Cremation is growing in popularity for many horse owners. You can arrange to have your horse’s body picked up, and cremated, and have the ashes returned to you (with a private cremation). A communal cremation is another option which allows the facility to handle the ashes.
This is the most expensive option, so plan for $1,000-$1,500.
Memories & Grieving
There’s no right or wrong way to remember and grieve your horse. The one thing I wish someone had told me was this: It doesn’t get easier, you just get used to it. Maybe you’ll feel better in a few days, maybe it will take a few years. However long it takes you to grieve, is perfectly fine.
4 Ways to Honor Your Horse
- Hair – Braid a piece of their forelock, mane, and/or tail to keep. There are also some services, such as Equine Keepsakes, that can take your horse’s tail and turn it into bracelets, necklaces, keychains, and more.
- Horseshoe – If your horse is shod, have your vet or farrier pull a shoe for you to keep.
- Nameplate – Keep the nameplate from your horse’s stall, halter, or bridle.
- Photobook – Use a service like Shutterfly to create a beautiful picture book to remember your horse by.
Resources for Grieving
Don’t be afraid to reach out if you need help moving through the grieving process. I did. Make an appointment with a licensed therapist, take a few days off work, or join an equine loss support group.
If you’re not sure where to begin, check out Hoofbeats in Heaven.
Frequently Asked Questions
Q: How much does it cost to euthanize a horse?
The cost depends on which method you and your vet select.
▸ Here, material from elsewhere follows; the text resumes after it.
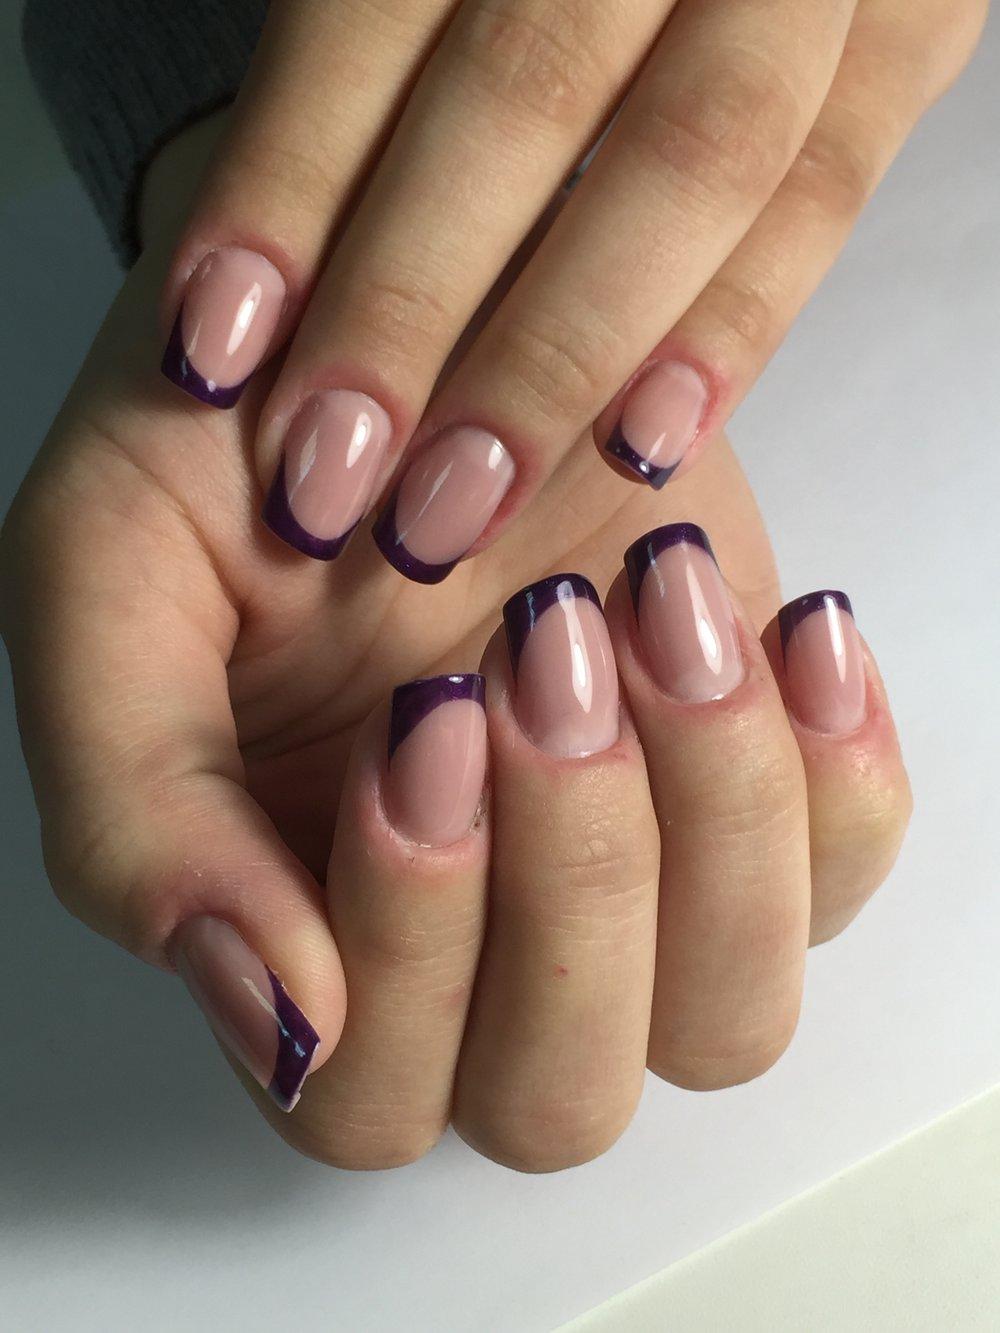 Acrylic Gel PolyGel Nails In Brighton Nail Biting Skin Picking

On average, most forms of chemical euthanasia combined with sedation will cost about $250+, plus whatever amount for the method of disposal you decide on. You can always check with your vet and have the correct amount set aside in advance.
Euthanizing a horse is stressful enough—if you’re able to financially plan ahead, it lessens a little bit of the burden.
Q: When should you euthanize a horse with laminitis?
This decision is best made in conjunction with your vet. It can be hard to differentiate between your emotions and your horse’s quality of life.
A good indicator is to monitor your horse’s pain levels. Once they increase past a manageable level, it’s probably time.
Q: How do you dispose of a dead horse?
The most common methods to handle a horse’s remains include rendering, burial, and cremation. The method of euthanasia may influence handling methods, so it’s important to understand this when making a plan. For example, horses euthanized with barbiturates cannot enter the food chain, as the substance is toxic.
Q: What are the most humane methods to kill a horse?
The American Veterinary Medical Association (AMVA) outlines acceptable euthanasia methods. They include an intravenous overdose of barbiturate drugs, a gunshot to the brain, or use of a captive bolt device.
All three of these methods are only humane if performed correctly by a skilled professional.
Deciding it’s time is never easy, and it’s always harder on you than on your horse. The best thing you can do is to make a plan well in advance of needing one. That way, should a sudden situation occur or when that dreaded day comes when your old horse tells you it’s time, you’re prepared.
The last thing you want to be thinking about is how your horse’s life is going to end. Instead, plan ahead so you can enjoy your last days and hours together.